Опыты пришлось прекратить. Арион нажил водянку, которая стала объектом пристального внимания администратора. Он смотрел на экскурсовода, как на беременную женщину и популярно объяснял, что здоровье -- это общественный капитал и, тыкая в вспухший живот экскурсовода, утверждал, что тот оттягивает государственные капиталы на лечение собственного живота под инфракрасными лучами.
-- А какие капиталы оттягиваете вы? -- рубил Арион.
Он допекал администратора его закоренелыми радикулитами, больным сердцем, гриппами и ангинами, которые пожирали такие капиталы, что на корню лопались гигантские новостройки на окраинах.
Железная логика Ариона превращала патрона в человека с расшатанными нервами, и он так гвоздил по столу, что со стен срывалась паутина и, оплетая Ариона, превращал его в кокон.
Идеи не было. Арион тайком побывал даже возле плиты фараона и возвратился в музей с мыслями, словно раскисшее мыло. Он препарировал самого дряхлого ангела в надежде на чудо и стал обладателем двух деревянных иконок, трех оловянных крестиков и золотой чеканки с двуглавым орлом.
Золотую чеканку хранитель музея конфисковал, как народное богатство, которое нужно приумножать.
-- А может вместе приумножим? -- спросил Арион.

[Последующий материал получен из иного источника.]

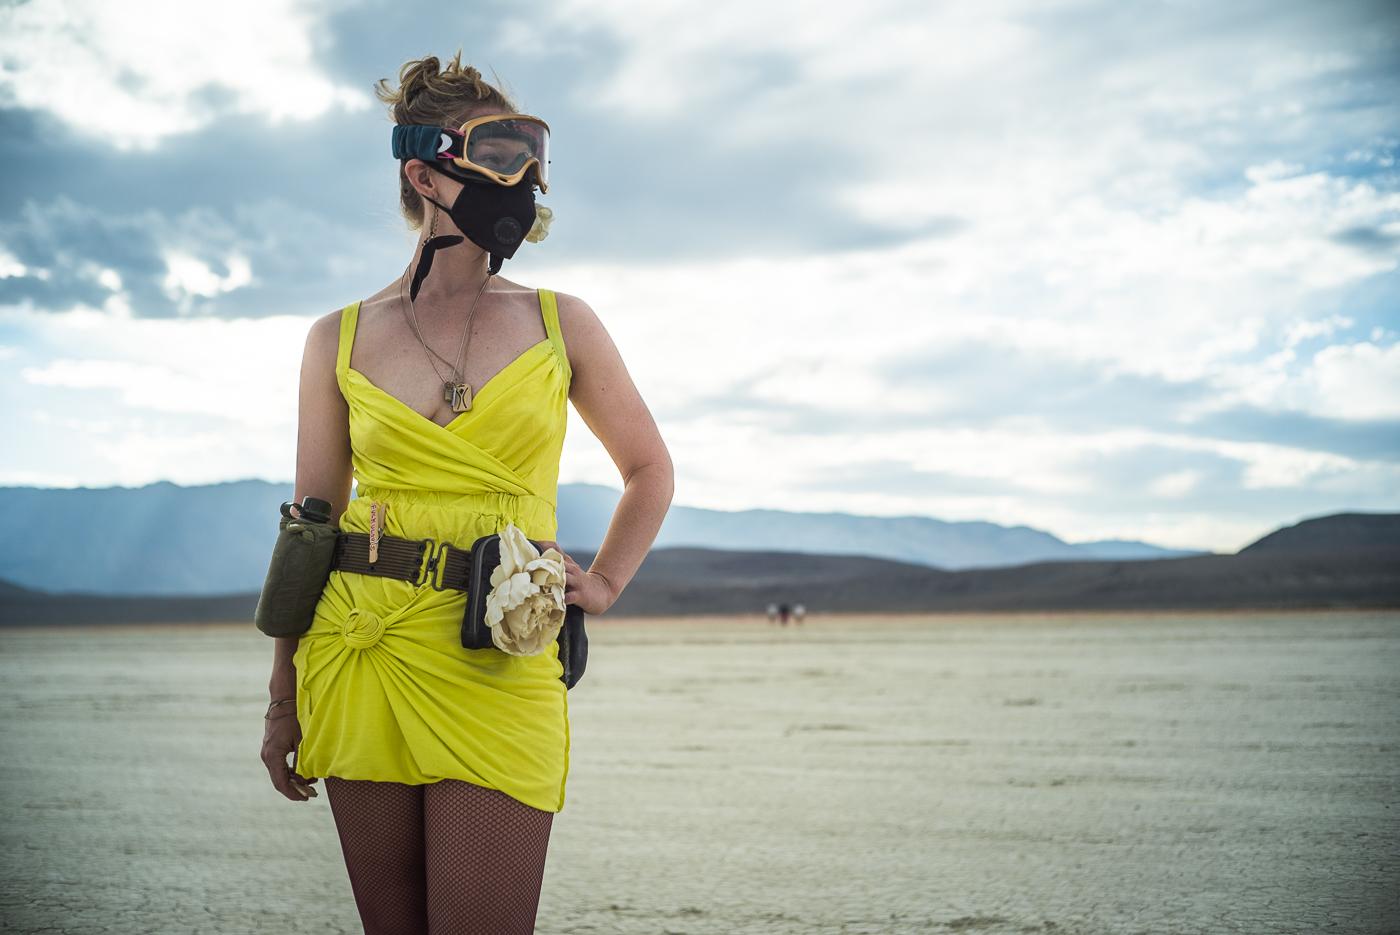 Burning Man 2014 women's costume sunset playa portrait

Через неделю Арион увидел, что золотой орел пал жертвой золотых дел мастера, который превратил хищника в червонную печатку в форме гуся на указательном пальце администратора.
-- Приумножаем? -- бросил Арион.
-- Это фамильное золото! -- пробормотал хранитель музея.

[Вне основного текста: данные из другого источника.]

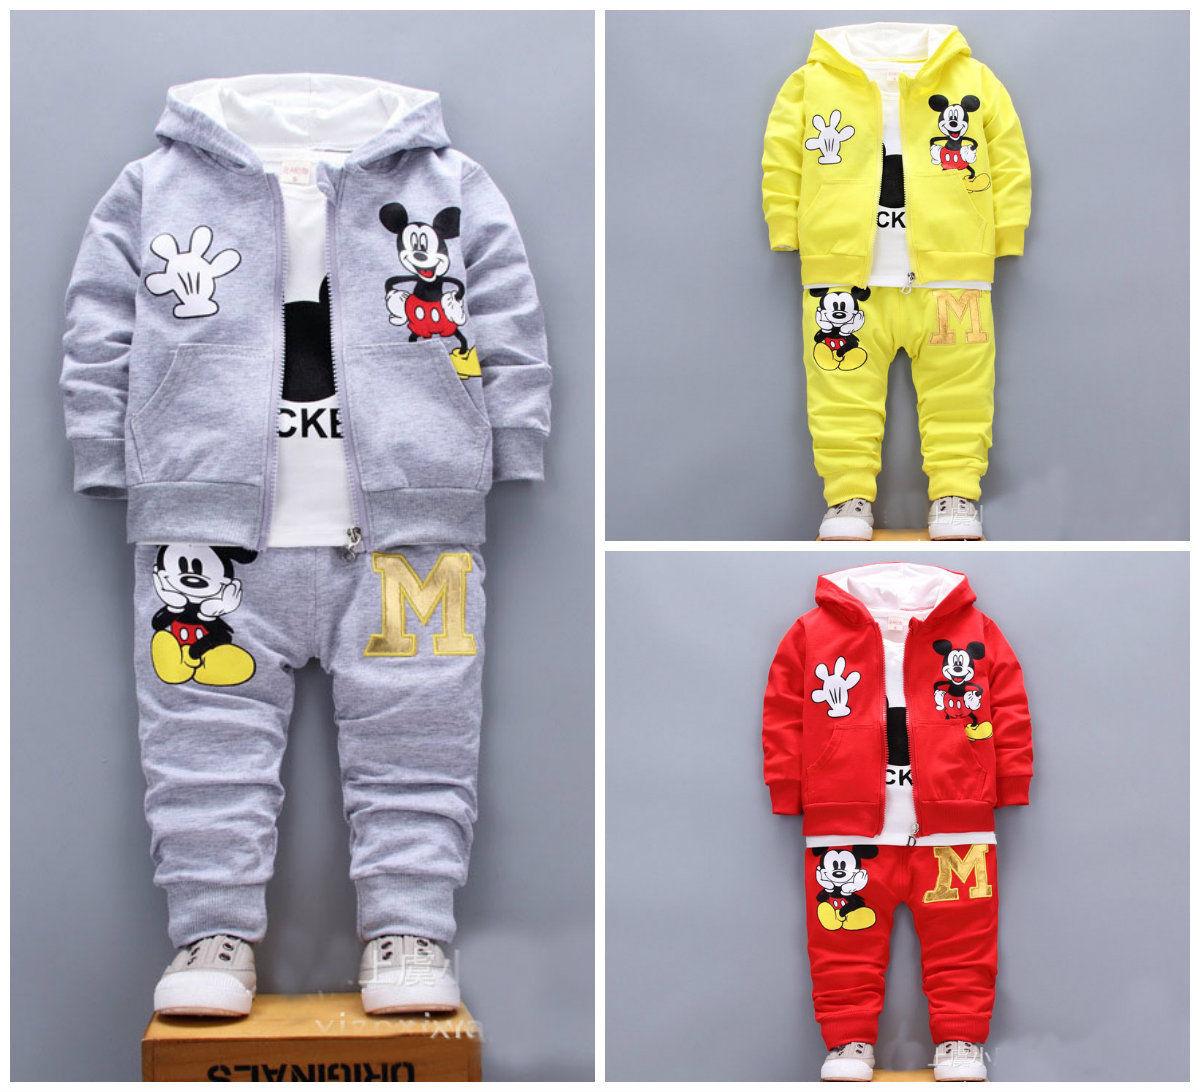 3pcs Baby toddler clothes boys coat+T shirt pants tracksuit outfits set cartoon

Арион понял, что в фальное золото патрона превратились бы золотые блюда, серебряные кубки…, если б они не числились в столовой утвари императора.
Через полгода бесплодных попыток Арион стал травить свое сознание могуществом.

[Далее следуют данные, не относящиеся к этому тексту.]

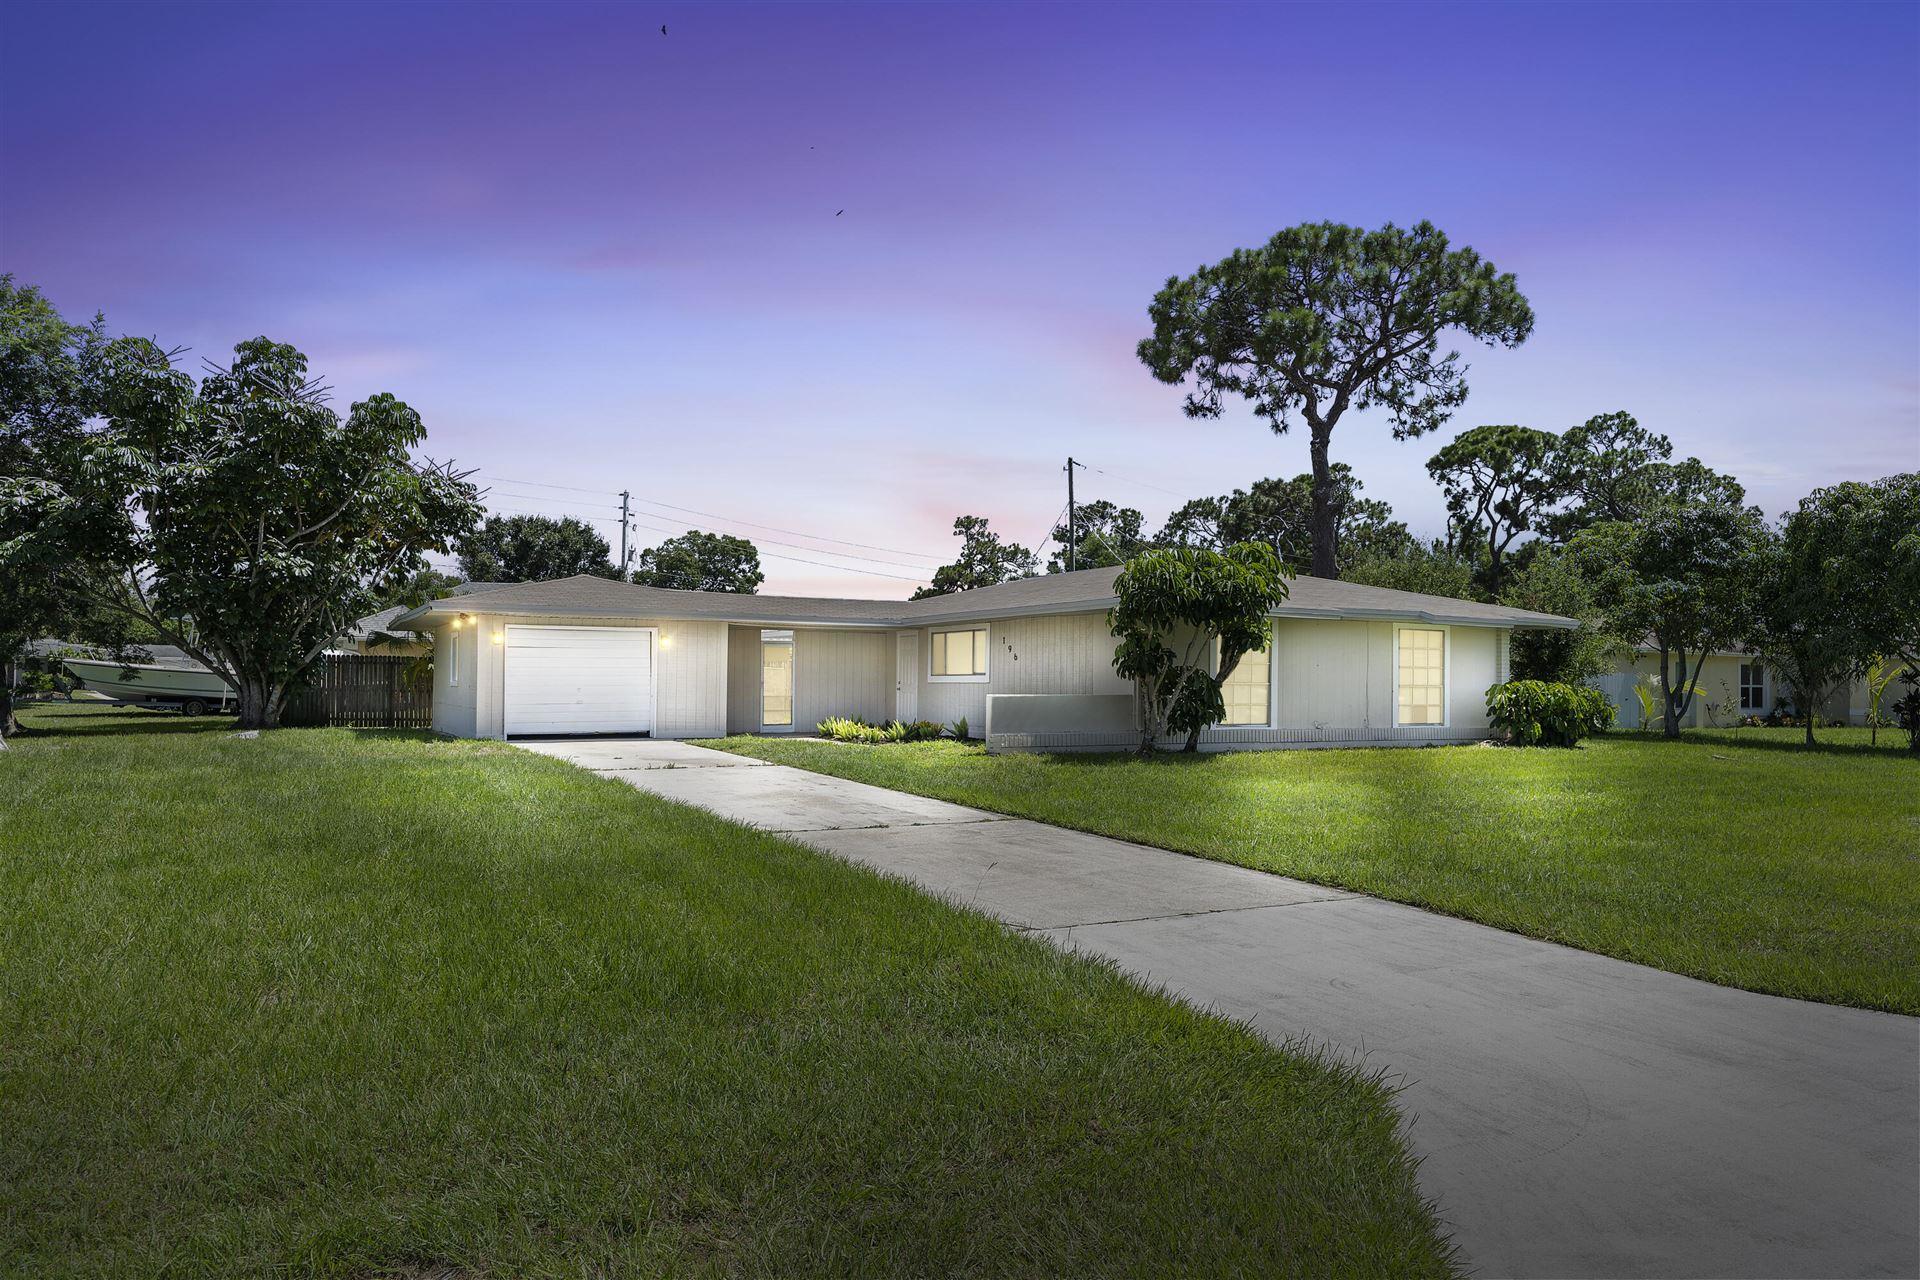 196 NE Caprona Avenue, Port Saint Lucie, FL 34952 - MLS#: RX-10731589

Он одевал соболиные шубы, шапки даже в сорокаградусную жару и тайком таскался по углам, задыхаясь от запаха нафталина и обливаясь потом, чтобы перевоплотиться хоть в душу боярина с боярской идеей. По музею пошел слух о странных приведениях, которые предпочитали допотопным балахонам соболиные меха.
-- Вы не знаете, кто эти привидения? -- подозрительно спрашивал администратор Ариона и тянул носом.
От экскурсовода пахло как от ломбардной моли.
-- Так это же не привидения! - -отвечал Арион.
В поле зрения экскурсовода оказывались посетители, одетые в меха, которые не уступали императорским мехам. При их появлении хранитель музея отбирал у Ариона указку и сам превращался в экскурсовода, вызывая сочувствие у младшего товарища.
Еще полгода Арион оккупировал кареты, коляски, возки в надежде на сверхъестественное озарение. От долгого сидения он заработал геморрой, а от запаха лака, которым покрывали транспортные средства, -- кадык, дабы предохранить их от гниения, астму.
-- А ее императоры! -- бормотал экскурсовод, ворочаясь как удав, в карете и попирая ногами сафьяновые подушечки. -- Идеи настоящей не могли оставить.
Арион умывался в царских тазах и утирался красным рушником с красным петухом. Не помогал даже нашатырь, который экскурсовод закачивал в нос, словно собирался полоскать его.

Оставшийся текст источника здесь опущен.